When a casting replaces one or more cusps on a tooth it is
called an onlay:

Taggart's centrifugal casting machine made it possible to apply
enough "gravity" to force the molten gold into the tiny invested image
of a filling.
The picture on the left shows a modern version of Taggart's invention. The
white piece with the hole in it is a small crucible used to melt the gold
alloy with a gas and forced air torch. The burned out image
(originally invested in a metal cylinder, called a casting ring), is
placed behind the hole in the crucible. The orange stand contains a spring
which has been wound several times in preparation for the casting operation.
Once the image is in place and the alloy has been melted, the technician allows
the locking pin that sticks up on the left side of the base to drop. This
releases the armature, and when the technician lets the armature loose, the
armature, along with the crucible and its attached casting ring spins at
considerable speed. The crucible apparatus swings out so that it is
facing the counterweights on the opposite side of the armature.
Centrifugal force forces the melted alloy through the hole in the crucible and
molten metal proceeds to fill the image in the casting ring behind it.
Unfortunately, Taggart's technique did not produce
the accuracy that many dentists demanded for these small restorations, so most
dentists still resisted the introduction of cast metal restorations in favor of
gold foil or the newly improved silver amalgam, both of which always produced the
tightest restorations possible. Still, even in the 1910's, wealthy people wanted high class dentistry and were
willing to pay more for the privilege of not having to sit around suffering while the
dentist hammered gold into the cavity preparation.
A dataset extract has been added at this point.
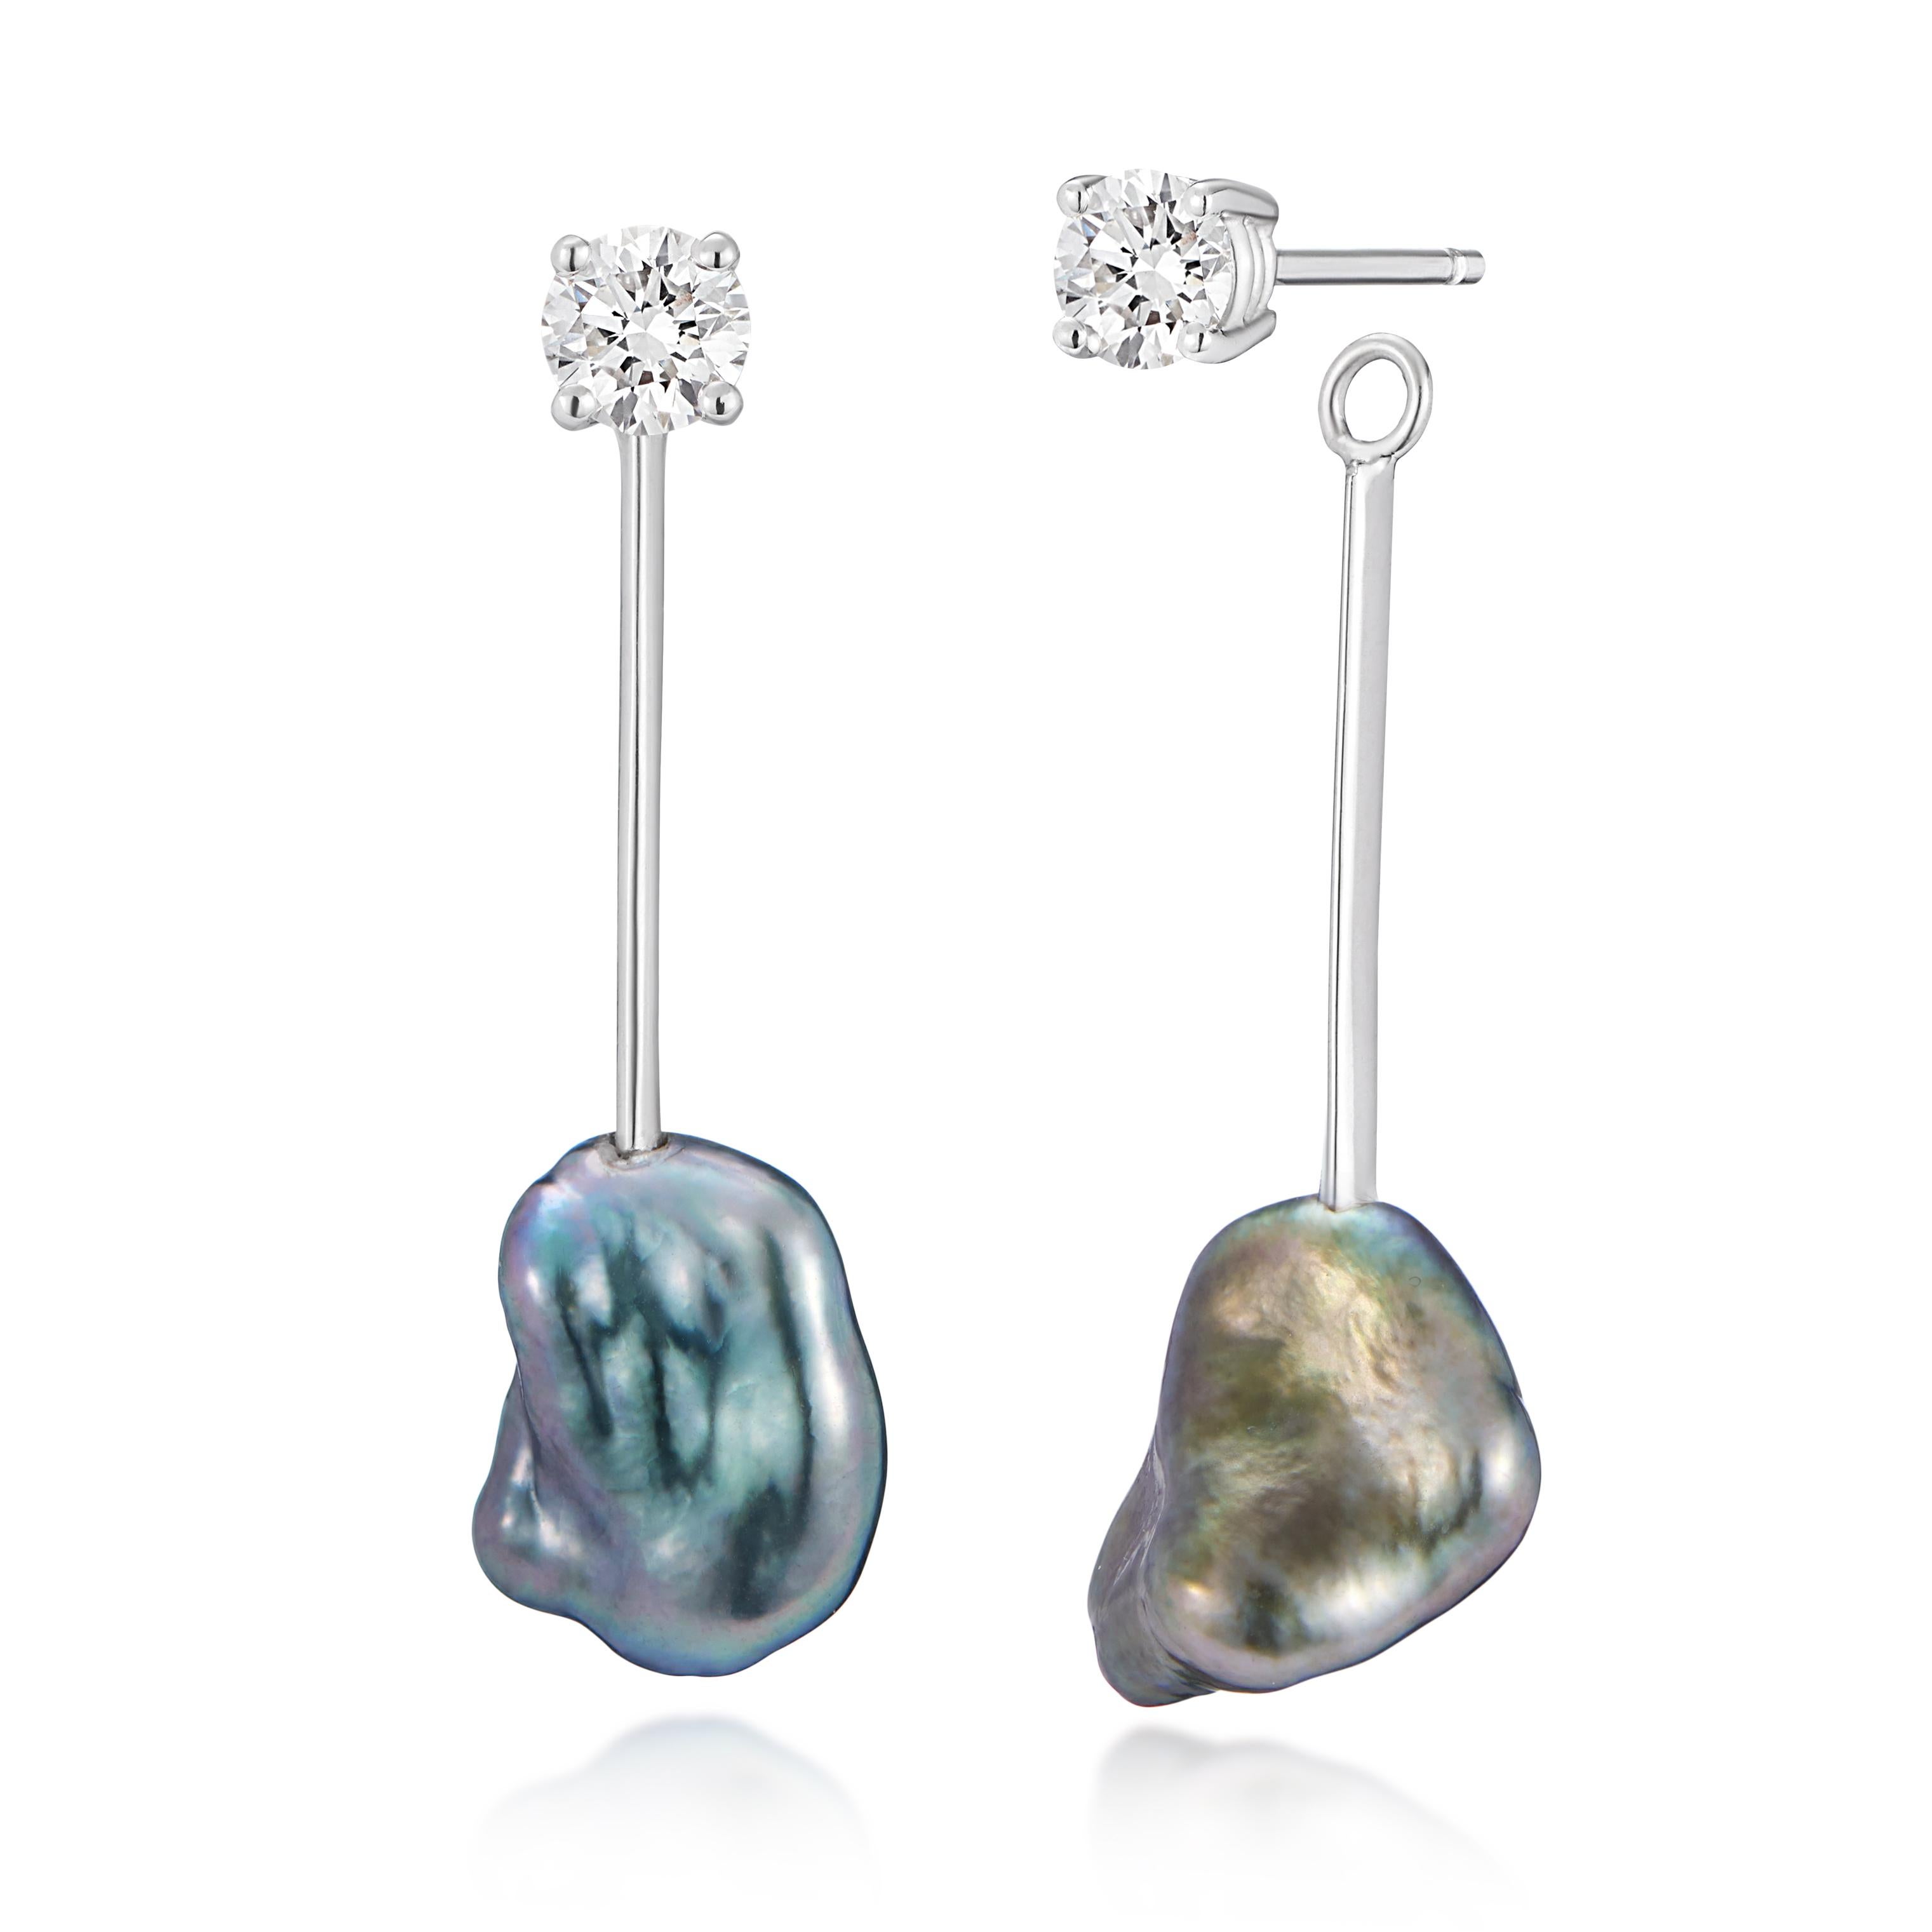 2 in 1 earrings - A pair of .5 Carat white diamond studs set in platinum with removable grey Keshi pearl drops also set in platinum. These earrings will take you from day to night and add that extra bit of sparkle to any outfit. 1 of the Keshi

Thus, cast gold
restorations began to compete successfully with gold foil almost immediately, in
spite of the fact that the castings did not fit the preparation perfectly.
Since gold was the metal used to make the crowns worn by kings, it suited the
mentality of the day to think of being able to afford the services of an
expensive dentist as something that brought a royal distinction to the patient.
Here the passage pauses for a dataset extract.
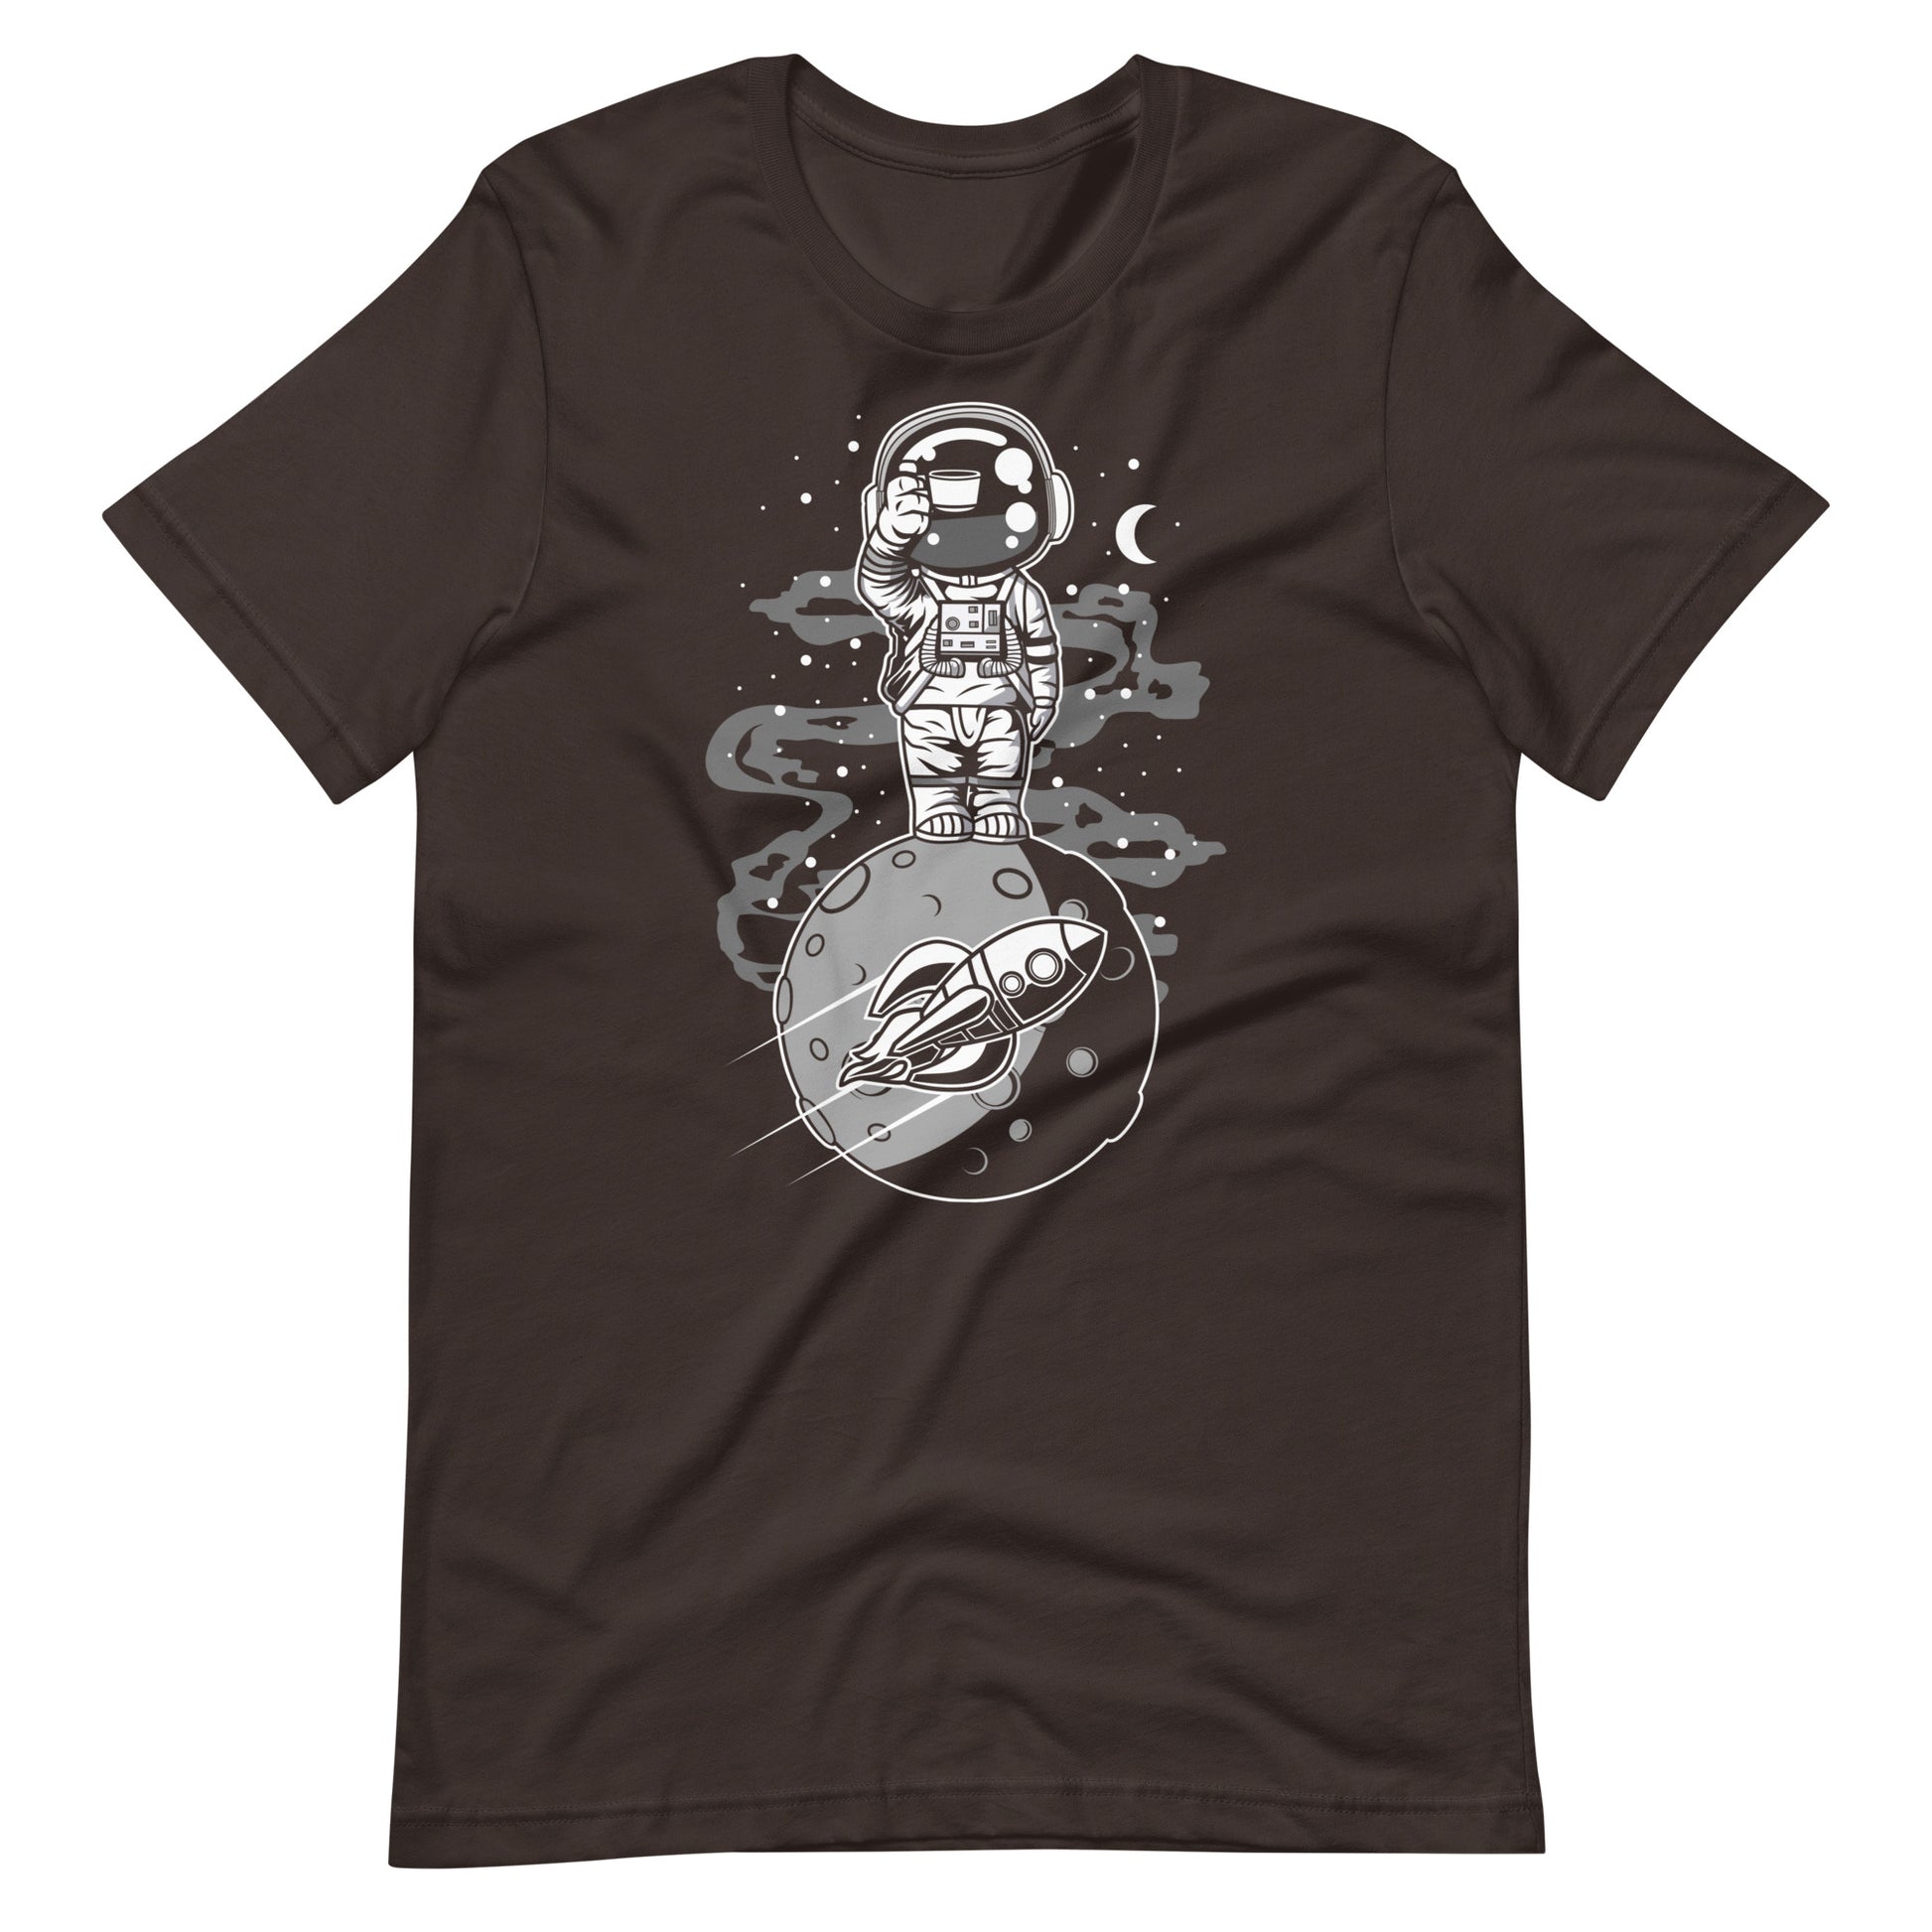 Astronaut Standing on the Moon - Men's t-shirt - Brown Front

Thus the term "gold crown" was something like an advertising slogan. The
term "crown" was used to denote any gold restoration applied to a single
tooth, including gold foil restorations, inlays and onlays. Today, the
term "crown" is reserved for any full coverage restoration, whether gold or
porcelain, and the terms "inlay", "onlay" and "filling" are used to denote
restorations that cover only a part of a tooth's clinical crown.
In
1929, Coleman and Weinstein invented cristobalite investment to replace
the plaster of Paris, eliminating most of the shrinkage and distortion problems
which had plagued the production of gold castings up to that point.
(Cristobalite is one of the three crystalline configurations of silica. It
has unique thermal expansion qualities which makes it especially suitable as an
investment material for metal casting.) Even
cristobalite investment did not produce perfect castings, and it was not until
the 1940's that cristobalite investment materials were formulated that
compensated for all of the distortions encountered in the original lost wax technique.